> TASK BRIEF: Transcribe the records in full, keeping every character as it is.

^^^^^^^^

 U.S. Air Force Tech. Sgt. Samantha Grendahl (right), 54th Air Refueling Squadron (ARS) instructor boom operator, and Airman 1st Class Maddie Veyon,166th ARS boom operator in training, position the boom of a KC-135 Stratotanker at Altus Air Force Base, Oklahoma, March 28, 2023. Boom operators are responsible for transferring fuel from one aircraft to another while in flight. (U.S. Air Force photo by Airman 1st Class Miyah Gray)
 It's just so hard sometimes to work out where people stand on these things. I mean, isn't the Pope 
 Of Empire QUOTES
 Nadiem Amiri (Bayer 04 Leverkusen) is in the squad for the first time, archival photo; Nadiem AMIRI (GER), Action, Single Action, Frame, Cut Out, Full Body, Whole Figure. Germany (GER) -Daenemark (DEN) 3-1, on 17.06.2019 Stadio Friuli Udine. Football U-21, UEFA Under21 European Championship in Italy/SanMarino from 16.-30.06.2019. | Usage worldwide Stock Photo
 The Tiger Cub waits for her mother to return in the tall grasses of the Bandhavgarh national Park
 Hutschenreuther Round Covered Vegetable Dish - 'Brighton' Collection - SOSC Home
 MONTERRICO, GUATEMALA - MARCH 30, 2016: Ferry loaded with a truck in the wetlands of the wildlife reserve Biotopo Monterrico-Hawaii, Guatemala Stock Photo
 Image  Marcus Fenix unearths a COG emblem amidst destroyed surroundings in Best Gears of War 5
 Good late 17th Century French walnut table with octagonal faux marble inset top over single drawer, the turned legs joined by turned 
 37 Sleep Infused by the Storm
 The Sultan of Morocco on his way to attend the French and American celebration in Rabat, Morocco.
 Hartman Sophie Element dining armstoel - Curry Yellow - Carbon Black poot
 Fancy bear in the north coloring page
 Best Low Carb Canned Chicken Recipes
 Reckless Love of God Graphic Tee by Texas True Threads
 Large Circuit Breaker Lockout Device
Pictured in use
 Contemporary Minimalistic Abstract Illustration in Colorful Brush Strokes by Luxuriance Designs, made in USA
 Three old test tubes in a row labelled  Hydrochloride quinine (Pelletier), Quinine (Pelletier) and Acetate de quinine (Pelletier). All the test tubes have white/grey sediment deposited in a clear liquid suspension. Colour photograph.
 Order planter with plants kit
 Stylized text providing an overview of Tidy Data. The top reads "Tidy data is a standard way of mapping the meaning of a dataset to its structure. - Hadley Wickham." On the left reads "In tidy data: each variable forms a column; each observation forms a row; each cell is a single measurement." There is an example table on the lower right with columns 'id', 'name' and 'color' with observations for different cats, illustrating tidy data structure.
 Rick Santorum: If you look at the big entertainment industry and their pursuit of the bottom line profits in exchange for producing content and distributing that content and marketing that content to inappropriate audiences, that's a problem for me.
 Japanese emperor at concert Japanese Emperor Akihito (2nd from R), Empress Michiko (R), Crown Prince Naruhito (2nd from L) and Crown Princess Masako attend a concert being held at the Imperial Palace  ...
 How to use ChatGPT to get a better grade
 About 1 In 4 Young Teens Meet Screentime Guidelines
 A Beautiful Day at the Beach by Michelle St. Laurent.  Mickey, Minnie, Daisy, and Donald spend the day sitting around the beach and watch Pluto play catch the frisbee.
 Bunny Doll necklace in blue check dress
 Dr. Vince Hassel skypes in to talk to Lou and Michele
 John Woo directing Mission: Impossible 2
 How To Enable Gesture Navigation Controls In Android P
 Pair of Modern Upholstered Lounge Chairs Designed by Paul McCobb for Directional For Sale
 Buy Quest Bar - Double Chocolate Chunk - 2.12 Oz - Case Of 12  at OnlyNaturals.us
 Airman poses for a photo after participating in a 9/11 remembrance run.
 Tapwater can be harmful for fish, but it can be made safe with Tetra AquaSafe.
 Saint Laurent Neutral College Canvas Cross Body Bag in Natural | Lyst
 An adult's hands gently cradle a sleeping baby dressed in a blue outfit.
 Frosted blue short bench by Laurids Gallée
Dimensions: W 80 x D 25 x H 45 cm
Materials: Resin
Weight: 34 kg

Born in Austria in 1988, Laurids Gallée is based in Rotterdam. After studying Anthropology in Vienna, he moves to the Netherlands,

^^^^^^^^

> SOLUTION TO THE PROBLEM:
 U.S. Air Force Tech. Sgt. Samantha Grendahl (right), 54th Air Refueling Squadron (ARS) instructor boom operator, and Airman 1st Class Maddie Veyon,166th ARS boom operator in training, position the boom of a KC-135 Stratotanker at Altus Air Force Base, Oklahoma, March 28, 2023. Boom operators are responsible for transferring fuel from one aircraft to another while in flight. (U.S. Air Force photo by Airman 1st Class Miyah Gray)
 It's just so hard sometimes to work out where people stand on these things. I mean, isn't the Pope 
 Of Empire QUOTES
 Nadiem Amiri (Bayer 04 Leverkusen) is in the squad for the first time, archival photo; Nadiem AMIRI (GER), Action, Single Action, Frame, Cut Out, Full Body, Whole Figure. Germany (GER) -Daenemark (DEN) 3-1, on 17.06.2019 Stadio Friuli Udine. Football U-21, UEFA Under21 European Championship in Italy/SanMarino from 16.-30.06.2019. | Usage worldwide Stock Photo
 The Tiger Cub waits for her mother to return in the tall grasses of the Bandhavgarh national Park
 Hutschenreuther Round Covered Vegetable Dish - 'Brighton' Collection - SOSC Home
 MONTERRICO, GUATEMALA - MARCH 30, 2016: Ferry loaded with a truck in the wetlands of the wildlife reserve Biotopo Monterrico-Hawaii, Guatemala Stock Photo
 Image  Marcus Fenix unearths a COG emblem amidst destroyed surroundings in Best Gears of War 5
 Good late 17th Century French walnut table with octagonal faux marble inset top over single drawer, the turned legs joined by turned 
 37 Sleep Infused by the Storm
 The Sultan of Morocco on his way to attend the French and American celebration in Rabat, Morocco.
 Hartman Sophie Element dining armstoel - Curry Yellow - Carbon Black poot
 Fancy bear in the north coloring page
 Best Low Carb Canned Chicken Recipes
 Reckless Love of God Graphic Tee by Texas True Threads
 Large Circuit Breaker Lockout Device
Pictured in use
 Contemporary Minimalistic Abstract Illustration in Colorful Brush Strokes by Luxuriance Designs, made in USA
 Three old test tubes in a row labelled  Hydrochloride quinine (Pelletier), Quinine (Pelletier) and Acetate de quinine (Pelletier). All the test tubes have white/grey sediment deposited in a clear liquid suspension. Colour photograph.
 Order planter with plants kit
 Stylized text providing an overview of Tidy Data. The top reads "Tidy data is a standard way of mapping the meaning of a dataset to its structure. - Hadley Wickham." On the left reads "In tidy data: each variable forms a column; each observation forms a row; each cell is a single measurement." There is an example table on the lower right with columns 'id', 'name' and 'color' with observations for different cats, illustrating tidy data structure.
 Rick Santorum: If you look at the big entertainment industry and their pursuit of the bottom line profits in exchange for producing content and distributing that content and marketing that content to inappropriate audiences, that's a problem for me.
 Japanese emperor at concert Japanese Emperor Akihito (2nd from R), Empress Michiko (R), Crown Prince Naruhito (2nd from L) and Crown Princess Masako attend a concert being held at the Imperial Palace  ...
 How to use ChatGPT to get a better grade
 About 1 In 4 Young Teens Meet Screentime Guidelines
 A Beautiful Day at the Beach by Michelle St. Laurent.  Mickey, Minnie, Daisy, and Donald spend the day sitting around the beach and watch Pluto play catch the frisbee.
 Bunny Doll necklace in blue check dress
 Dr. Vince Hassel skypes in to talk to Lou and Michele
 John Woo directing Mission: Impossible 2
 How To Enable Gesture Navigation Controls In Android P
 Pair of Modern Upholstered Lounge Chairs Designed by Paul McCobb for Directional For Sale
 Buy Quest Bar - Double Chocolate Chunk - 2.12 Oz - Case Of 12  at OnlyNaturals.us
 Airman poses for a photo after participating in a 9/11 remembrance run.
 Tapwater can be harmful for fish, but it can be made safe with Tetra AquaSafe.
 Saint Laurent Neutral College Canvas Cross Body Bag in Natural | Lyst
 An adult's hands gently cradle a sleeping baby dressed in a blue outfit.
 Frosted blue short bench by Laurids Gallée
Dimensions: W 80 x D 25 x H 45 cm
Materials: Resin
Weight: 34 kg

Born in Austria in 1988, Laurids Gallée is based in Rotterdam. After studying Anthropology in Vienna, he moves to the Netherlands,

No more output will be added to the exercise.